Sunday, July 6, 2025

Blind Boy Boot Camp For All

 



Please allow me to get a little personal and then make a point about the current state of affairs in the United States.

Last October our son Brian, a professional photographer and teacher of photography, lost most of his eyesight in an accident. He’s fully blind in one eye and has only 20% vision in the other eye. That makes him legally blind. As you might think this was a terribly upsetting event not only for him but for Betsey and myself as his parents. Since he’s not married, it fell to us to be his caregivers.

Fortunately, Betsey never lost her Tiger Mom tenacity from our boys’ formative years.

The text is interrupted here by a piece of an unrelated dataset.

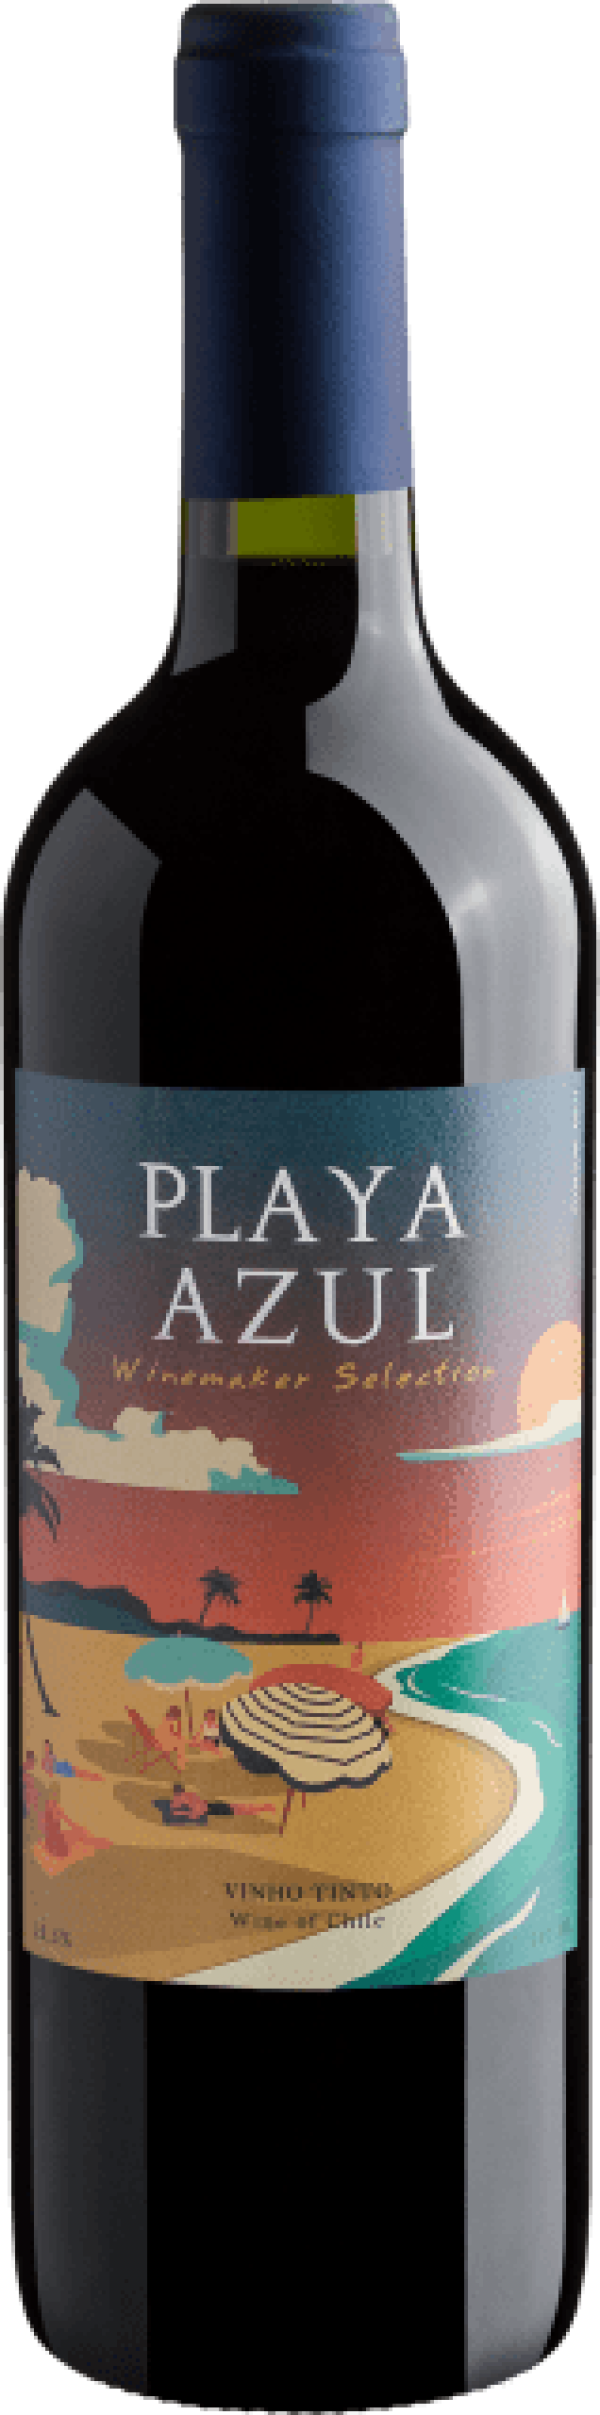 Playa Azul Winemaker Selection Red Blend

The same determination that got Brian speech therapy and Dan back at the correct school after being hoodwinked into transferring to another elementary school now was summoned up to deal with an even greater threat to Brian’s future.

While nursing him through two eye surgeries in a span of a few weeks she went to work preparing for what a visually impaired future would look like for him. Through California’s Department of Rehabilitation (yes, we have one of those here in the Golden State) she was able to locate a program called Orientation Center for the Blind (OCB), a three-month intensive course in living life without sight. Everything from how to ambulate using a white cane to how to cook, clean, do your laundry, all the basic household tasks we in the sighted community take for granted. As well it looks to the future; teaching Braille, computer skills, and how to use the newer assistive technology coming on the market now.

Betsey was gung-ho on the program. I was worried it was a modern version of a Dickensian workhouse. Brian, as was certainly his right, was worried about the amount of time he had to devote to this and, to be quite frank, whether it would make any difference. The OCB facility is located in Albany California, just across the Bay from Brian’s home in San Francisco and about a 45-minute drive from our home in Sonoma. While it is a live in program it does follow a five day a week schedule, but students are more than welcome to live on campus or go home on the weekend.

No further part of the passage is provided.